One solution would be to remove that confirmation dialog entirely. Another would be to make it an option in the setup.



I hope one of these two things can be done so that I can use e-junkie, because beside this one issue, it's perfect!



Is anyone else concerned about this?



Joe A.

  • created

    Mar '10
  • last reply

    May '11
  • 4

    replies

  • 1.3k

    views

  • 4

    users

  • 7

    links

11 months later

It's a big concern for me as well. What I don’t understand is why e-junkie can’t simply register some alternative names that point to the same service that we can use for all cart related links from our own sites.

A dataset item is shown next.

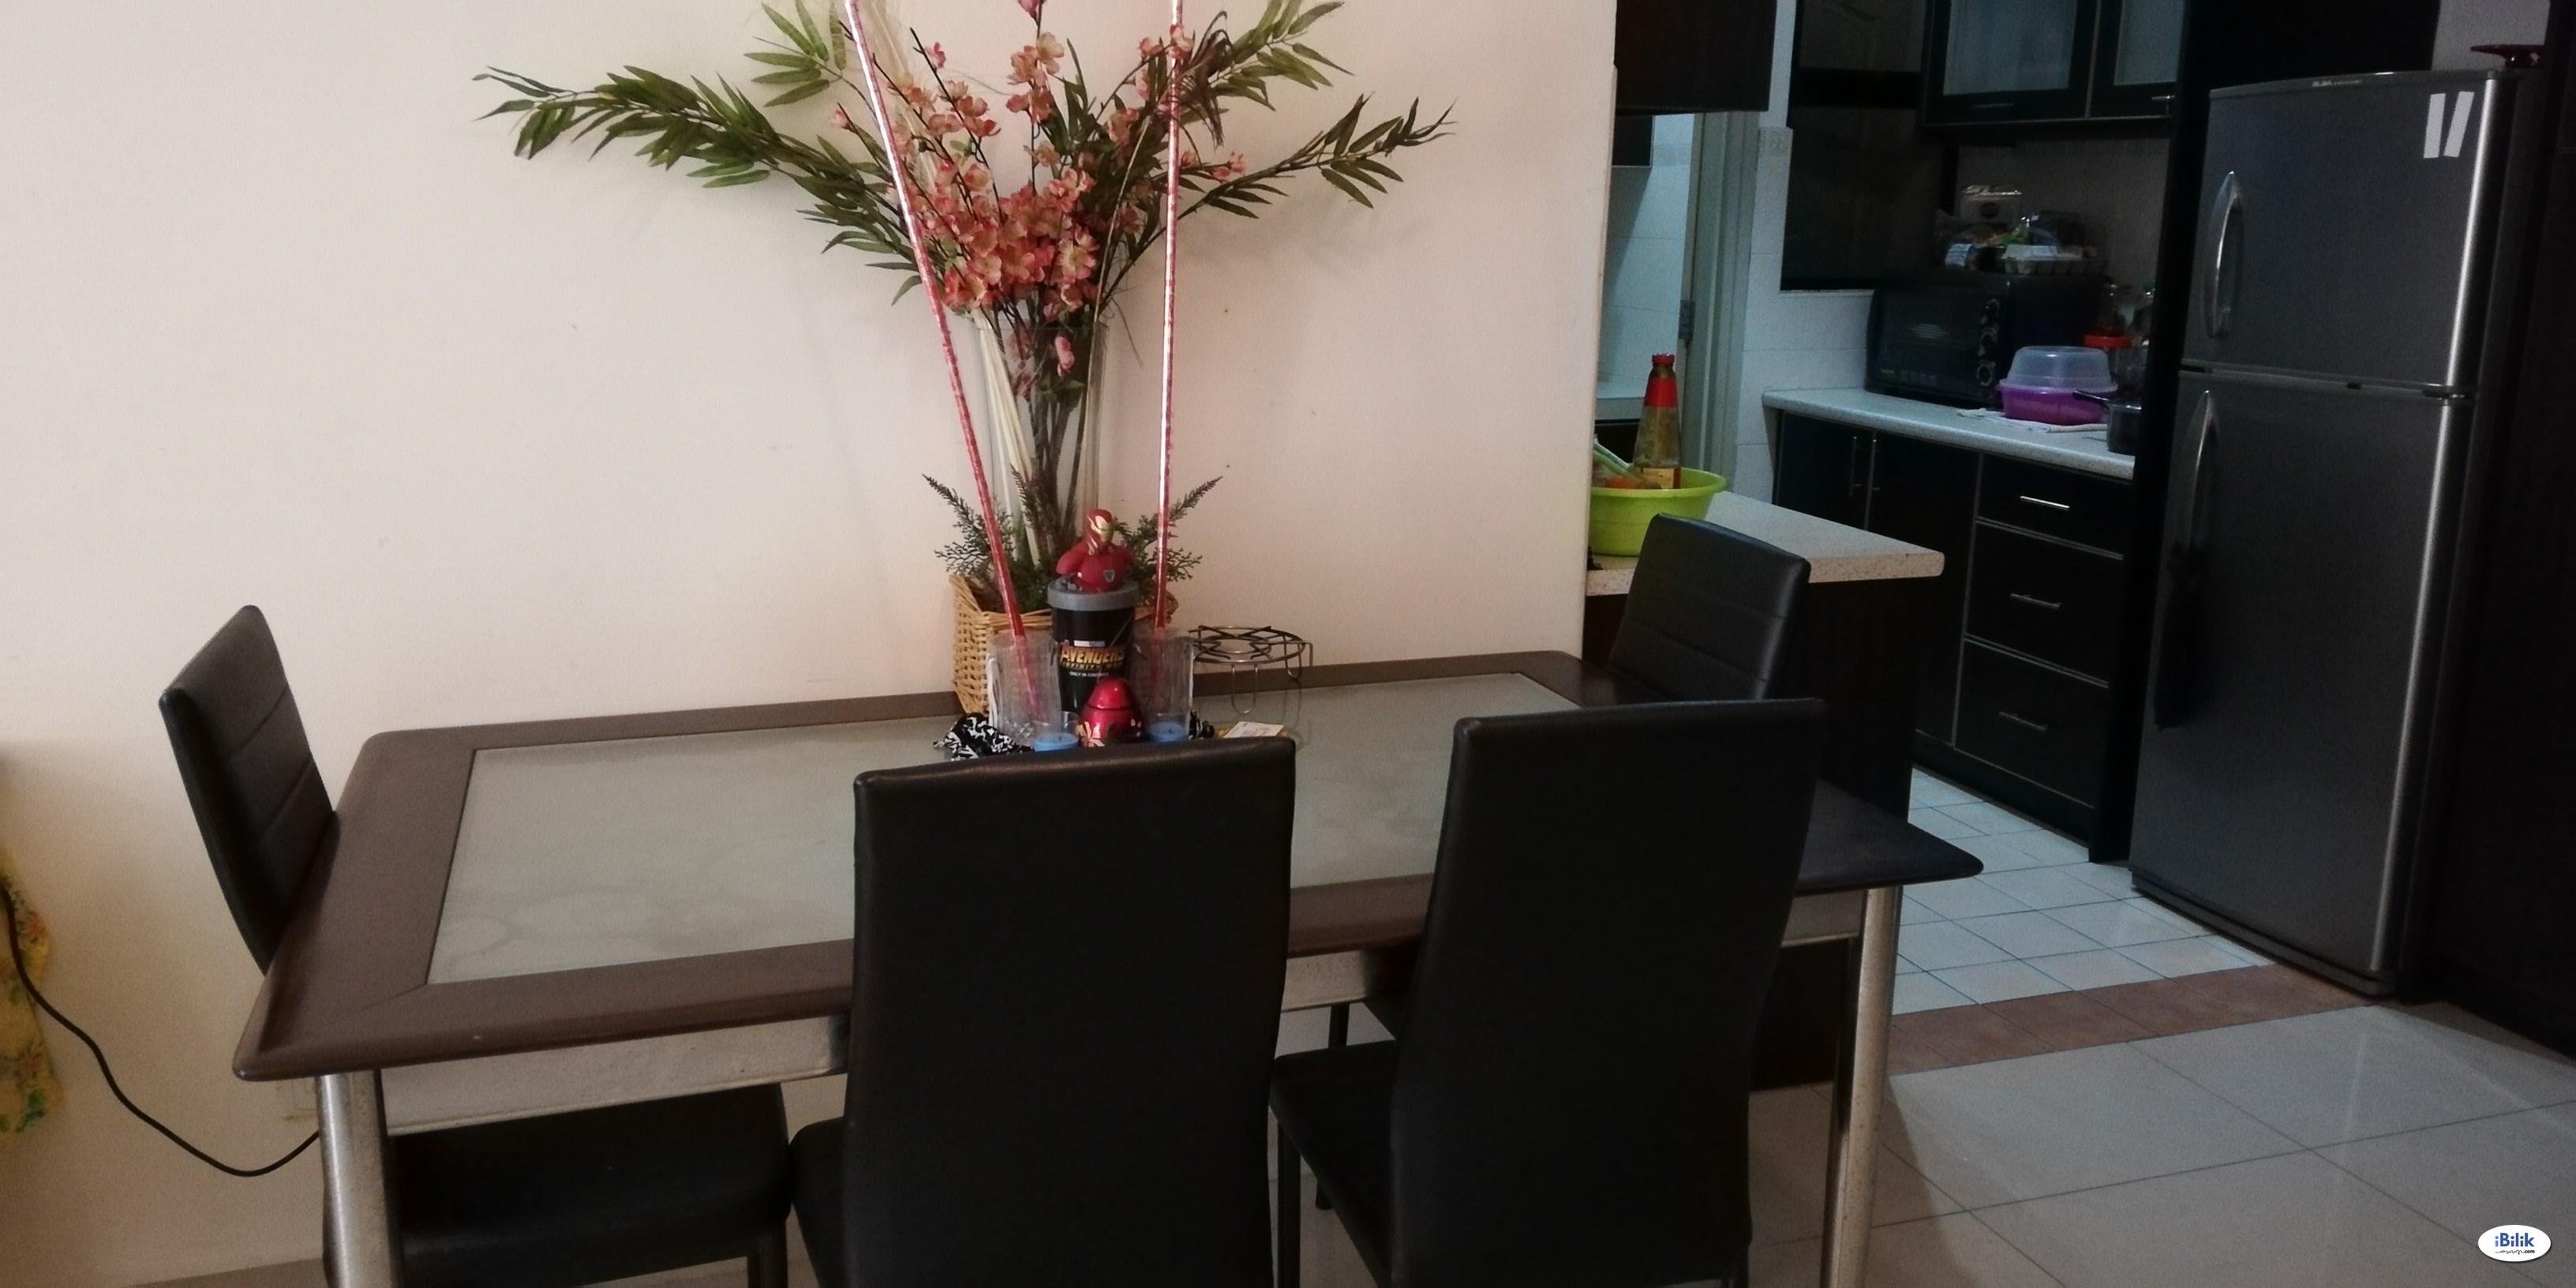 Single Room in a condominium unit

Why can’t urls when I hover look like:



1https://www.fatfreecart.com/ecom/gb.php?c=cart&i=10&cl=152936&ejc=21, or

1https://www.ejsecure.com/ecom/gb.php?c=cart&i=10&cl=152936&ejc=21

Or whatever else they can some up with.



Like others have said, e-junkie is fine from a developer’s standpoint, but the name seems to freak people out. I don't mind that the companies name is e-junkie and that as a developer, I see e-junkie. I just don't want customers to see it because:



The word “junkie”: http://www.merriam-webster.com/dictionary/junkie



Then they say, “what’s this e-junkie site?” and if they go directly to the home page to vet the site before they let it process their credit card information, they’re met by a creepy, dark, shadowy guys with sly eyes blinking. It’s almost like a guy hiding in the shadows of an ally, saying, “Pssst. Hey you, you want to buy some hard drugs? I’m a junkie!”



I’ve worked hard to convince people that e-junkie is great, but unless they can make the name of the service invisible, it’s a damned hard sell.



Can the e-junkie developers reconsider these concernes and give people the option of letting their links say e-junkie OR some alternatives that don’t have such a negative connotation attached to it.



This seems to be a common complain in forums outside of e-junkies own community forums.



Aside from that, love the service and will continue to try to sell it to clients and peers when they ask me.

Hi, thank you for your feedback. Please note that you are replying to a thread that is almost a year old and things have changed since then. :)



Right now the only place that "e-junkie.com" will appear is within the raw HTML of your website. Any pages we display to your buyer during the checkout process that are on our site (such as the credit card checkout page or the post-sale thank you page) are on the fatfreecartpro.com domain.



If you do not wish buyers to even be able to see our domain name within your website's HTML or when they hover over a link you can replace all instances of www.e-junkie.com with www.fatfreecartpro.com1 and everything will continue to function as normal.



Note that there is a small "e-commerce by e-junkie" tag on the thank you pages we generate after a sale. If you wish to remove that just copy and paste the following CSS code into your thank you page HTML:



<style type="text/css">

/* Hide 'e-commerce by e-junkie' line: */

td[align="right"][width="50%"]{display:none;}

</style>

Thanks Monster. I could have swore that I saw this work in the past, but then in my research I couldn't find how to do it. I went to the website http://fatfreecartpro.com/ which doesn't seem to work. www.fatfreecartpro.com3 does bring you to the e-junkie website.



So about 10 minutes ago, I swapped out all of the urls making sure that I had it as www.fatfreecartpro.com3 and voila! Yes, the problem seems to be resolved.



Beautiful. Thank you. Now I can resume being entirely enthusiastic about e-junkie again. Woo hoo!

1 month later

This is great news! I've been researching e-junkie for three days now and I truly think this is a great solution and provides everything I need. I even signed up for a free trail, setup a product page on my website and added the products to e-junkie and buttons to my page. All looked great, except the NAME...Now that I can switch to the alternate URL I'm sold on it, you just won over a new customer!



BTW: It would be nice if you can add the alternate URL to the Admin page during setup and use that value to generate the button code, that would save me from copying and replacing it in all my buttons.